:: DATASET SECTION ::

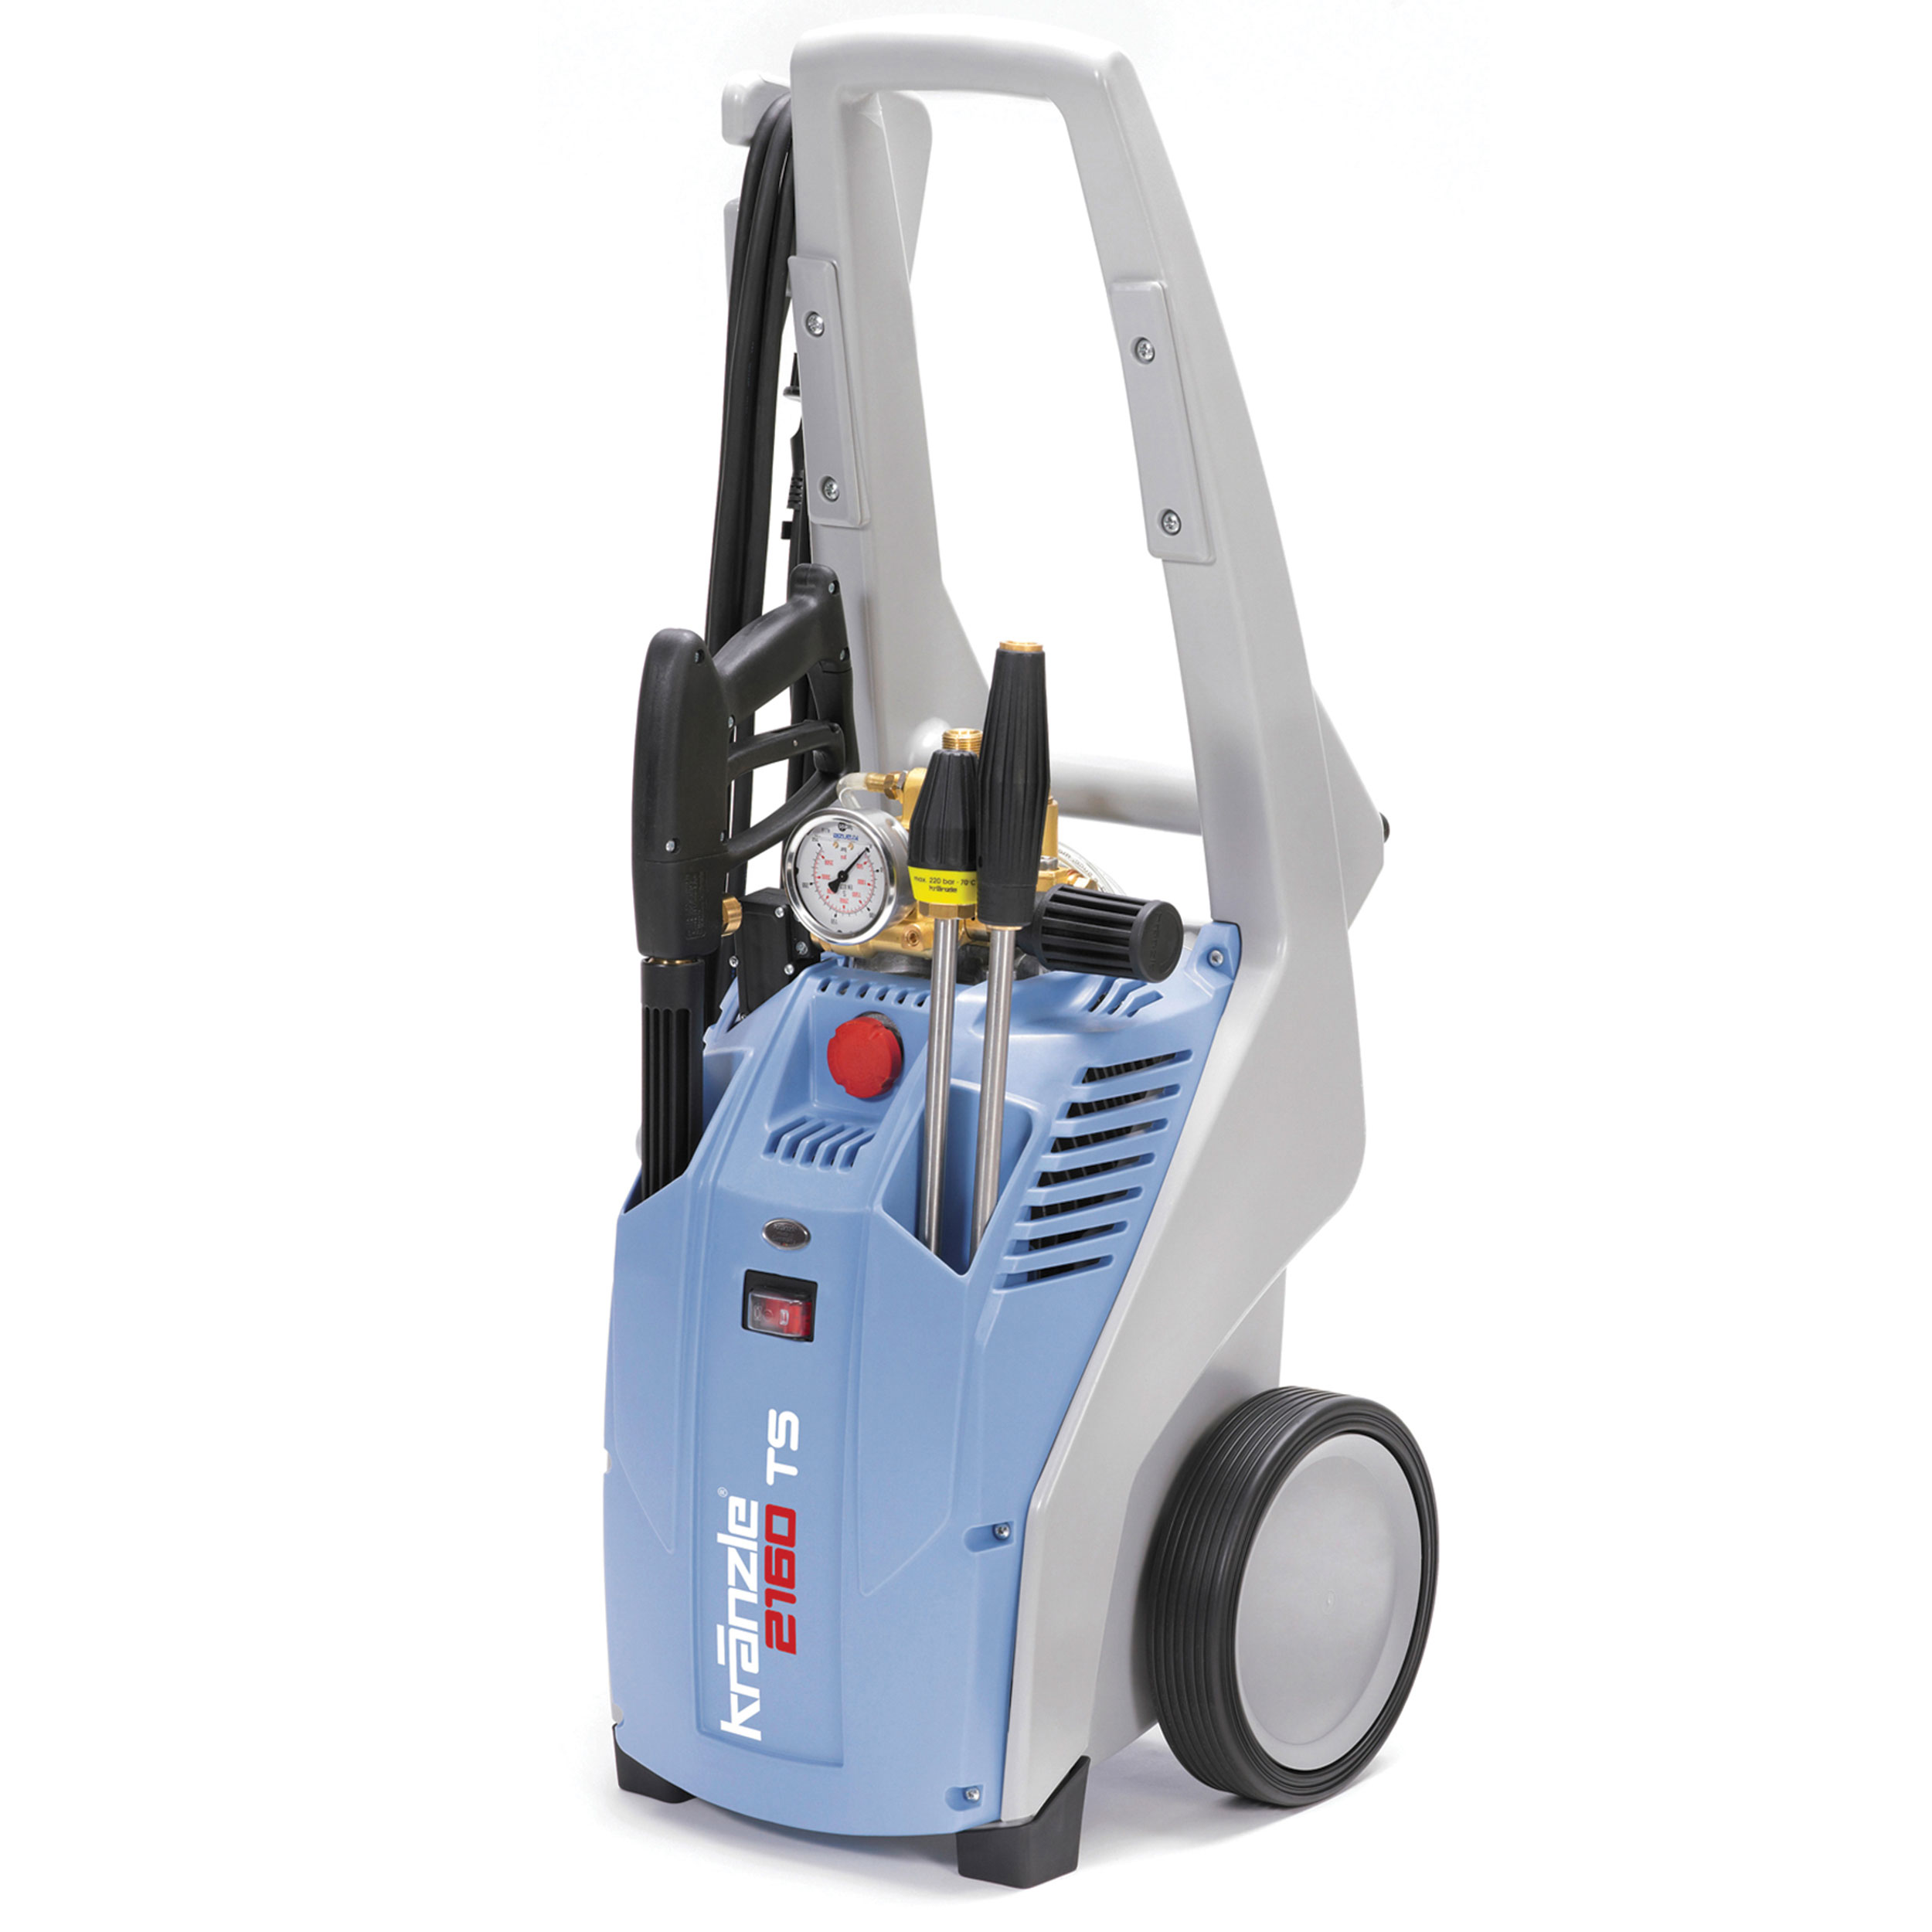 K2020 Pressure Washer, Cold Water, 110v, 20a, No Gfi
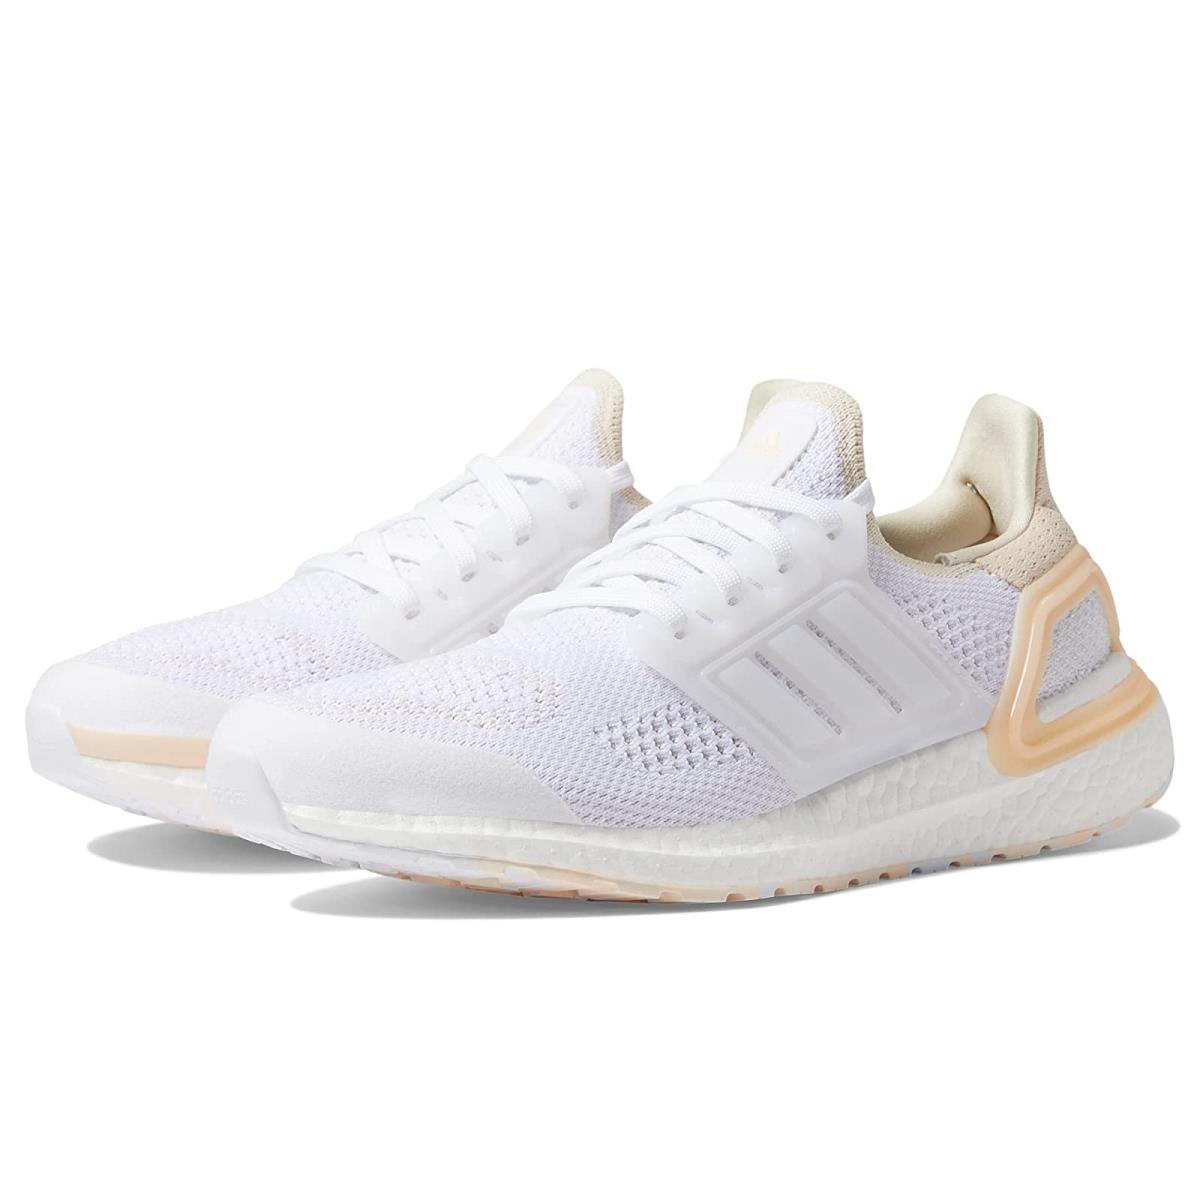 Woman`s Sneakers Athletic Shoes Adidas Running Ultraboost 19.5 Alphaskin White/White/Bliss Orange
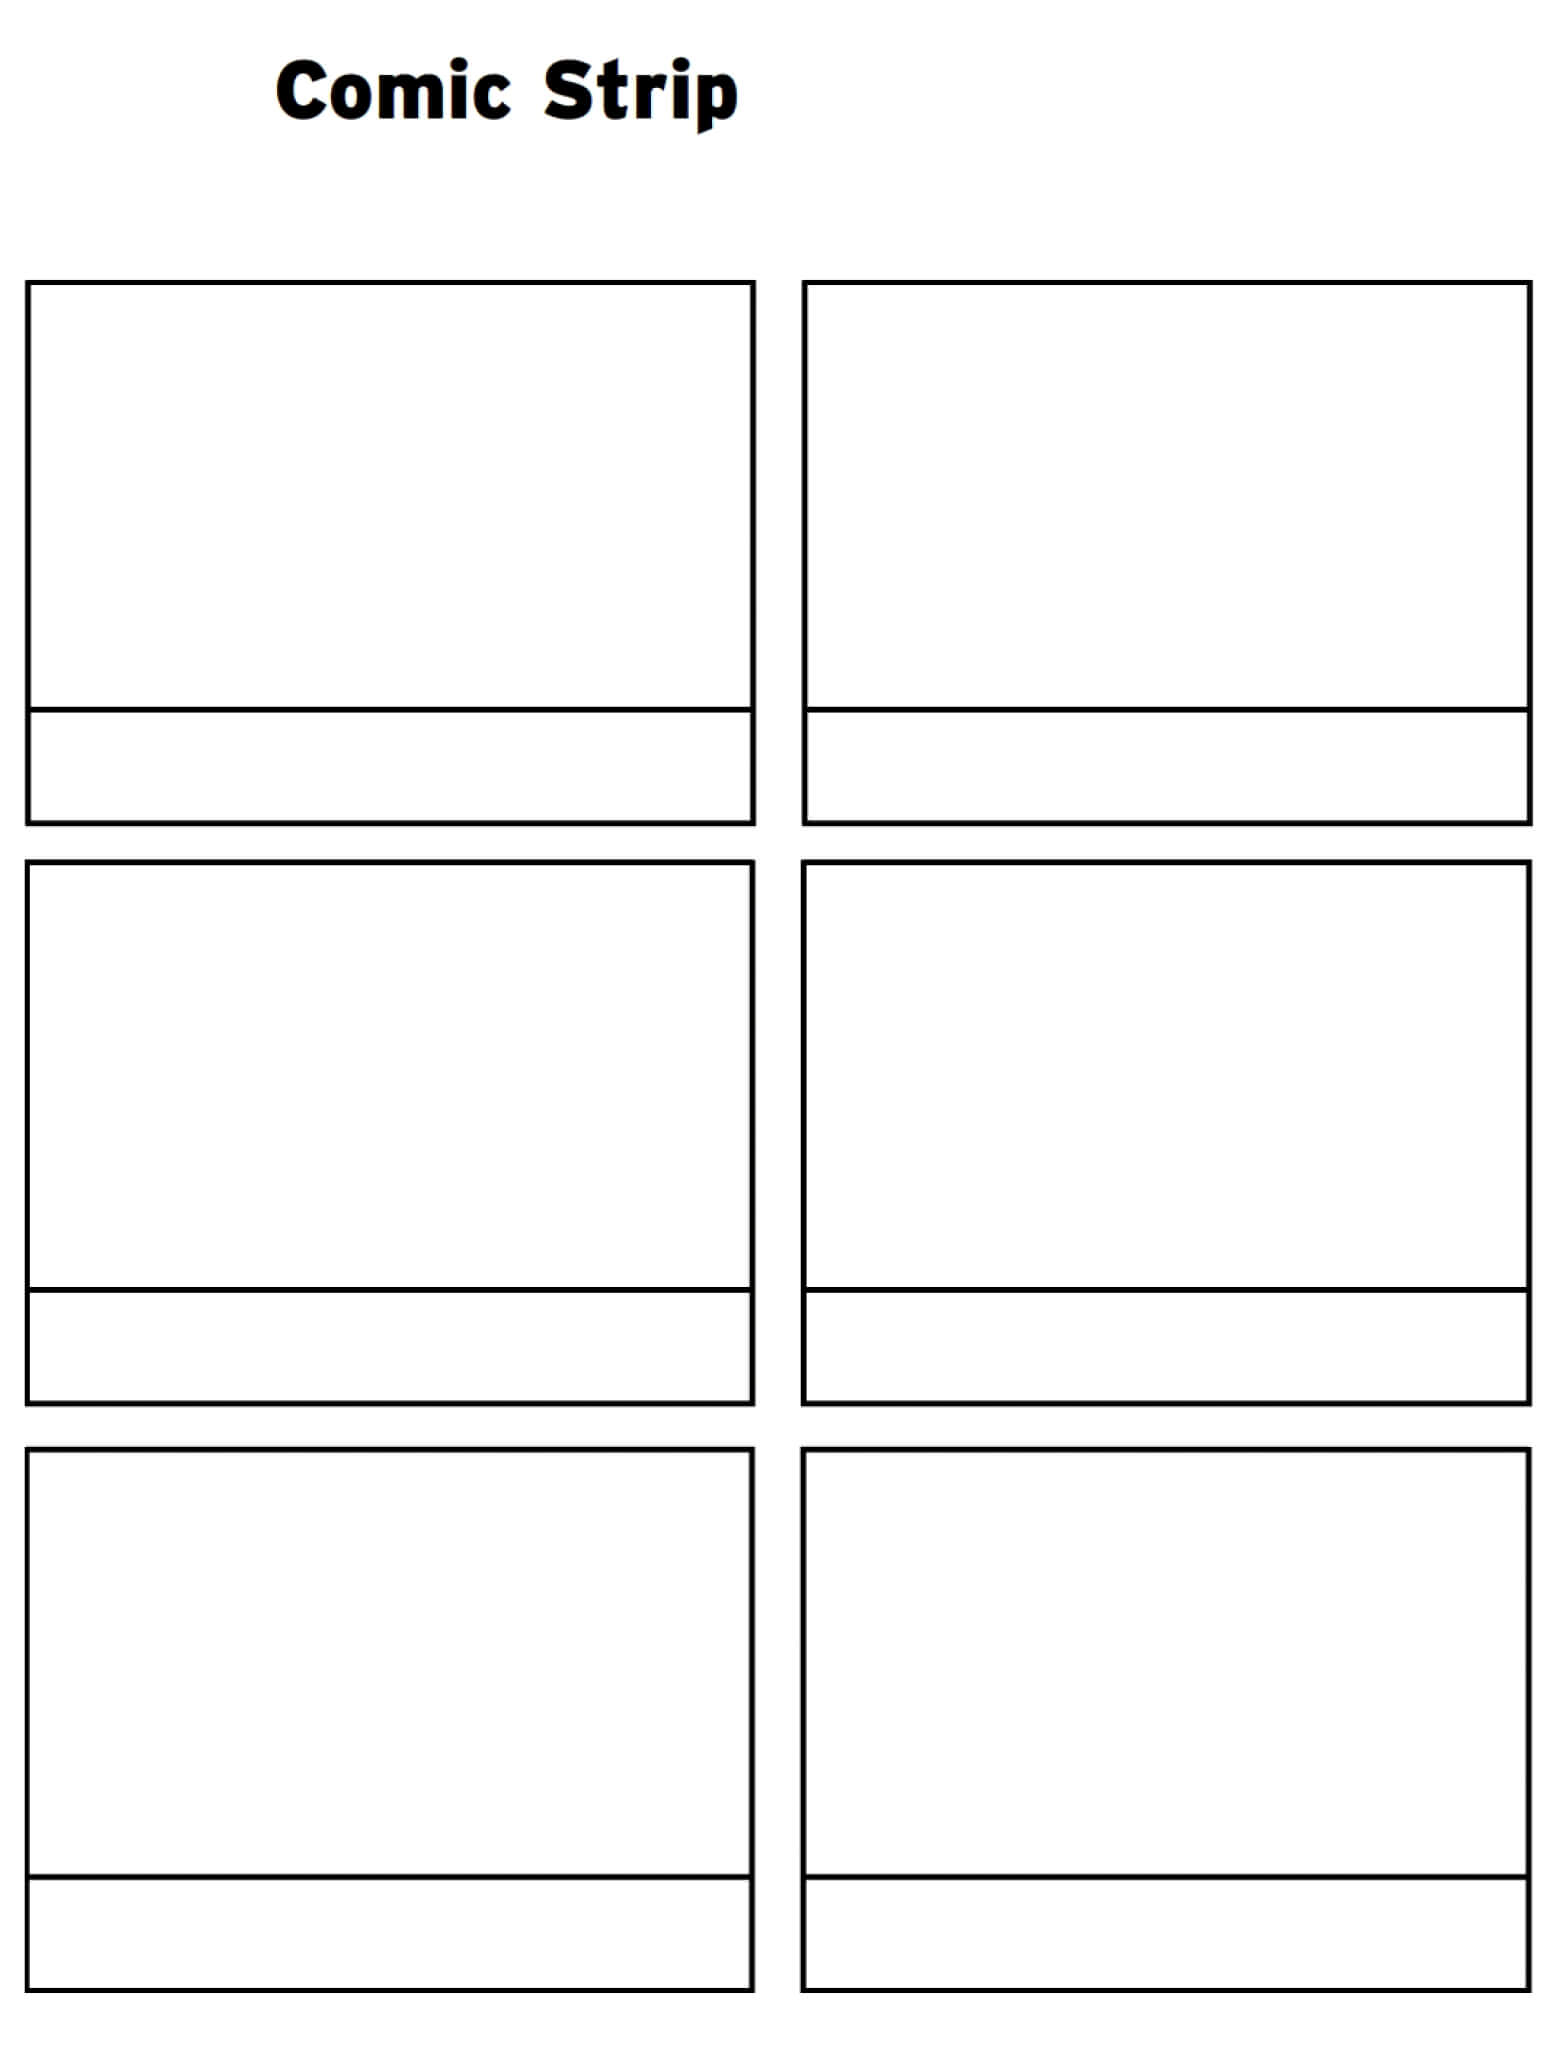 Printable Comic Strip Template Pdf Word Pages | Printable Within Printable Blank Comic Strip Template For Kids

:::

INSTRUCTIONS TO FOLLOW: Would you retype the listing above exactly, omitting its pictures?

THE COMPLETED TASK:
 K2020 Pressure Washer, Cold Water, 110v, 20a, No Gfi
 Woman`s Sneakers Athletic Shoes Adidas Running Ultraboost 19.5 Alphaskin White/White/Bliss Orange
 Printable Comic Strip Template Pdf Word Pages | Printable Within Printable Blank Comic Strip Template For Kids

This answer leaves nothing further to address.